Set down the records again, keeping each line exactly as it is.

--- START ---

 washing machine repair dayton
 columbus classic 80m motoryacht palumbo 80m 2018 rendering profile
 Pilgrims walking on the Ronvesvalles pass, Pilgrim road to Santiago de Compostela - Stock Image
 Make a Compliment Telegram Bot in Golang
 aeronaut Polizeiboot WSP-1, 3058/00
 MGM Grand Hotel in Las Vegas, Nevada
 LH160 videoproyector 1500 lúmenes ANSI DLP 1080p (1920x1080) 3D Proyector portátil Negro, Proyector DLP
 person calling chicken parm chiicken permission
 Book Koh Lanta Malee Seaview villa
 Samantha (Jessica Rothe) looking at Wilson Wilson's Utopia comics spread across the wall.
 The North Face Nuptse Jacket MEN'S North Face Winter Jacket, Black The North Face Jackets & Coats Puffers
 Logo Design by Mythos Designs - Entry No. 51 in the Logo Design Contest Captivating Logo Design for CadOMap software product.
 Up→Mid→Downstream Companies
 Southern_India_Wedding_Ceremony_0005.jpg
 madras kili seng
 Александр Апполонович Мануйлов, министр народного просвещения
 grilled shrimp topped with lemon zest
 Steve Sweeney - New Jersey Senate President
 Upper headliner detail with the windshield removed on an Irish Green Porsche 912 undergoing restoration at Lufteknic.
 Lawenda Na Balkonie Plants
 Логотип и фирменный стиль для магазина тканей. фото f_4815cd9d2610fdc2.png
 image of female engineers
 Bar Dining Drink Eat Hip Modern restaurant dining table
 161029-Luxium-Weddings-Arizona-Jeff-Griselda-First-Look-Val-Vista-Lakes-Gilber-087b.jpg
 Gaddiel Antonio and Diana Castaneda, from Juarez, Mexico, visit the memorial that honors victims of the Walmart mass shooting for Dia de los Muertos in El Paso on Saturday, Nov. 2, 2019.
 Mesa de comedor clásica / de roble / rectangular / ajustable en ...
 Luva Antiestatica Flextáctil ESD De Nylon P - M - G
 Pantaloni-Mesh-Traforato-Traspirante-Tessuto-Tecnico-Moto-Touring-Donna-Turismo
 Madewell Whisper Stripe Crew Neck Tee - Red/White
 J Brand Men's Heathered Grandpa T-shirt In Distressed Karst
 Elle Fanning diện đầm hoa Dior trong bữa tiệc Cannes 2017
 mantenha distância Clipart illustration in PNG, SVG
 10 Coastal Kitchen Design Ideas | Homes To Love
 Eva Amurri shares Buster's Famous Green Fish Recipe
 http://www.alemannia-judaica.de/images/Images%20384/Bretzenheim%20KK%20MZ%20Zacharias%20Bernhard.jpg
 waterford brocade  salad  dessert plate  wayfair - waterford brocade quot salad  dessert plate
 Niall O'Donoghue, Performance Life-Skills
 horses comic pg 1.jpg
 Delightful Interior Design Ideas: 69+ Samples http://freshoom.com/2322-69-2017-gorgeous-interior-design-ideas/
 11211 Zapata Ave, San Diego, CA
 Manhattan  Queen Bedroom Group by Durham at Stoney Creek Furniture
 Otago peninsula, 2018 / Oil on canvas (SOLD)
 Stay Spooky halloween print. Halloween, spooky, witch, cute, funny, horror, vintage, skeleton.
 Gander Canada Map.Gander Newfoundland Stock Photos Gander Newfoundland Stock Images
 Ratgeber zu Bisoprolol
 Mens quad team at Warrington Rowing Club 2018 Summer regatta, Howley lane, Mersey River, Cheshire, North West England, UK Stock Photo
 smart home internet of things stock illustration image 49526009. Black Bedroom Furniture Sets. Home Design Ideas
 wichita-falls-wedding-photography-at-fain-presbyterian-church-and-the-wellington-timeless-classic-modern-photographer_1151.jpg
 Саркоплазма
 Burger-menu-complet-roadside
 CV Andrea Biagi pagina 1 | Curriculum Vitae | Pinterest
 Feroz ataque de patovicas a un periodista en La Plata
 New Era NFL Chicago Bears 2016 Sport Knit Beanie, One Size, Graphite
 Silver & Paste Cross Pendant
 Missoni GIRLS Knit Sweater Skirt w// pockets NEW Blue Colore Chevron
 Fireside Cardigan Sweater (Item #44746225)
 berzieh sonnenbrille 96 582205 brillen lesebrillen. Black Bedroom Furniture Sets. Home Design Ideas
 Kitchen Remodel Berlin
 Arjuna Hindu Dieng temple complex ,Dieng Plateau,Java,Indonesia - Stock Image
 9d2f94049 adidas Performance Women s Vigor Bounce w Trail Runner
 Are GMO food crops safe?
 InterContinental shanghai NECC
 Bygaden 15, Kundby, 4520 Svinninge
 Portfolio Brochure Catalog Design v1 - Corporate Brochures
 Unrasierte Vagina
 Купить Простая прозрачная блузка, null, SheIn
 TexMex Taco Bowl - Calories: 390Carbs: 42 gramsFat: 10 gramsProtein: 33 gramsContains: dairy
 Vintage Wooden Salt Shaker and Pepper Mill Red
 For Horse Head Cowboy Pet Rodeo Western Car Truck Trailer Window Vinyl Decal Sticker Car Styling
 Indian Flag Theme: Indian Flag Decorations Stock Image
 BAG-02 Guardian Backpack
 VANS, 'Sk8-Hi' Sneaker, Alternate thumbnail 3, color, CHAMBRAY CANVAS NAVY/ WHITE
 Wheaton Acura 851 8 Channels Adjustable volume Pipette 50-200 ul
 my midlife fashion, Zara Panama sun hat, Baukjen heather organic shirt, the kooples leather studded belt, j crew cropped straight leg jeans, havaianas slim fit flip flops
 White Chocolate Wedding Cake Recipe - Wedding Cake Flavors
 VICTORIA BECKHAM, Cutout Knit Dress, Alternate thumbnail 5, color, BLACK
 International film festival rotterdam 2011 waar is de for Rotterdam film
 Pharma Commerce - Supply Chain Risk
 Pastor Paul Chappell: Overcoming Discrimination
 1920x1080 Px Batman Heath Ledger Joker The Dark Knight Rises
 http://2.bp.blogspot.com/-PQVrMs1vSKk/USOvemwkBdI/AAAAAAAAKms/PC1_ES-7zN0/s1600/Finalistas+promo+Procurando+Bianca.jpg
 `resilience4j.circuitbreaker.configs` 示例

--- END ---

▸ **EXERCISE RESULT**
 washing machine repair dayton
 columbus classic 80m motoryacht palumbo 80m 2018 rendering profile
 Pilgrims walking on the Ronvesvalles pass, Pilgrim road to Santiago de Compostela - Stock Image
 Make a Compliment Telegram Bot in Golang
 aeronaut Polizeiboot WSP-1, 3058/00
 MGM Grand Hotel in Las Vegas, Nevada
 LH160 videoproyector 1500 lúmenes ANSI DLP 1080p (1920x1080) 3D Proyector portátil Negro, Proyector DLP
 person calling chicken parm chiicken permission
 Book Koh Lanta Malee Seaview villa
 Samantha (Jessica Rothe) looking at Wilson Wilson's Utopia comics spread across the wall.
 The North Face Nuptse Jacket MEN'S North Face Winter Jacket, Black The North Face Jackets & Coats Puffers
 Logo Design by Mythos Designs - Entry No. 51 in the Logo Design Contest Captivating Logo Design for CadOMap software product.
 Up→Mid→Downstream Companies
 Southern_India_Wedding_Ceremony_0005.jpg
 madras kili seng
 Александр Апполонович Мануйлов, министр народного просвещения
 grilled shrimp topped with lemon zest
 Steve Sweeney - New Jersey Senate President
 Upper headliner detail with the windshield removed on an Irish Green Porsche 912 undergoing restoration at Lufteknic.
 Lawenda Na Balkonie Plants
 Логотип и фирменный стиль для магазина тканей. фото f_4815cd9d2610fdc2.png
 image of female engineers
 Bar Dining Drink Eat Hip Modern restaurant dining table
 161029-Luxium-Weddings-Arizona-Jeff-Griselda-First-Look-Val-Vista-Lakes-Gilber-087b.jpg
 Gaddiel Antonio and Diana Castaneda, from Juarez, Mexico, visit the memorial that honors victims of the Walmart mass shooting for Dia de los Muertos in El Paso on Saturday, Nov. 2, 2019.
 Mesa de comedor clásica / de roble / rectangular / ajustable en ...
 Luva Antiestatica Flextáctil ESD De Nylon P - M - G
 Pantaloni-Mesh-Traforato-Traspirante-Tessuto-Tecnico-Moto-Touring-Donna-Turismo
 Madewell Whisper Stripe Crew Neck Tee - Red/White
 J Brand Men's Heathered Grandpa T-shirt In Distressed Karst
 Elle Fanning diện đầm hoa Dior trong bữa tiệc Cannes 2017
 mantenha distância Clipart illustration in PNG, SVG
 10 Coastal Kitchen Design Ideas | Homes To Love
 Eva Amurri shares Buster's Famous Green Fish Recipe
 http://www.alemannia-judaica.de/images/Images%20384/Bretzenheim%20KK%20MZ%20Zacharias%20Bernhard.jpg
 waterford brocade  salad  dessert plate  wayfair - waterford brocade quot salad  dessert plate
 Niall O'Donoghue, Performance Life-Skills
 horses comic pg 1.jpg
 Delightful Interior Design Ideas: 69+ Samples http://freshoom.com/2322-69-2017-gorgeous-interior-design-ideas/
 11211 Zapata Ave, San Diego, CA
 Manhattan  Queen Bedroom Group by Durham at Stoney Creek Furniture
 Otago peninsula, 2018 / Oil on canvas (SOLD)
 Stay Spooky halloween print. Halloween, spooky, witch, cute, funny, horror, vintage, skeleton.
 Gander Canada Map.Gander Newfoundland Stock Photos Gander Newfoundland Stock Images
 Ratgeber zu Bisoprolol
 Mens quad team at Warrington Rowing Club 2018 Summer regatta, Howley lane, Mersey River, Cheshire, North West England, UK Stock Photo
 smart home internet of things stock illustration image 49526009. Black Bedroom Furniture Sets. Home Design Ideas
 wichita-falls-wedding-photography-at-fain-presbyterian-church-and-the-wellington-timeless-classic-modern-photographer_1151.jpg
 Саркоплазма
 Burger-menu-complet-roadside
 CV Andrea Biagi pagina 1 | Curriculum Vitae | Pinterest
 Feroz ataque de patovicas a un periodista en La Plata
 New Era NFL Chicago Bears 2016 Sport Knit Beanie, One Size, Graphite
 Silver & Paste Cross Pendant
 Missoni GIRLS Knit Sweater Skirt w// pockets NEW Blue Colore Chevron
 Fireside Cardigan Sweater (Item #44746225)
 berzieh sonnenbrille 96 582205 brillen lesebrillen. Black Bedroom Furniture Sets. Home Design Ideas
 Kitchen Remodel Berlin
 Arjuna Hindu Dieng temple complex ,Dieng Plateau,Java,Indonesia - Stock Image
 9d2f94049 adidas Performance Women s Vigor Bounce w Trail Runner
 Are GMO food crops safe?
 InterContinental shanghai NECC
 Bygaden 15, Kundby, 4520 Svinninge
 Portfolio Brochure Catalog Design v1 - Corporate Brochures
 Unrasierte Vagina
 Купить Простая прозрачная блузка, null, SheIn
 TexMex Taco Bowl - Calories: 390Carbs: 42 gramsFat: 10 gramsProtein: 33 gramsContains: dairy
 Vintage Wooden Salt Shaker and Pepper Mill Red
 For Horse Head Cowboy Pet Rodeo Western Car Truck Trailer Window Vinyl Decal Sticker Car Styling
 Indian Flag Theme: Indian Flag Decorations Stock Image
 BAG-02 Guardian Backpack
 VANS, 'Sk8-Hi' Sneaker, Alternate thumbnail 3, color, CHAMBRAY CANVAS NAVY/ WHITE
 Wheaton Acura 851 8 Channels Adjustable volume Pipette 50-200 ul
 my midlife fashion, Zara Panama sun hat, Baukjen heather organic shirt, the kooples leather studded belt, j crew cropped straight leg jeans, havaianas slim fit flip flops
 White Chocolate Wedding Cake Recipe - Wedding Cake Flavors
 VICTORIA BECKHAM, Cutout Knit Dress, Alternate thumbnail 5, color, BLACK
 International film festival rotterdam 2011 waar is de for Rotterdam film
 Pharma Commerce - Supply Chain Risk
 Pastor Paul Chappell: Overcoming Discrimination
 1920x1080 Px Batman Heath Ledger Joker The Dark Knight Rises
 http://2.bp.blogspot.com/-PQVrMs1vSKk/USOvemwkBdI/AAAAAAAAKms/PC1_ES-7zN0/s1600/Finalistas+promo+Procurando+Bianca.jpg
 `resilience4j.circuitbreaker.configs` 示例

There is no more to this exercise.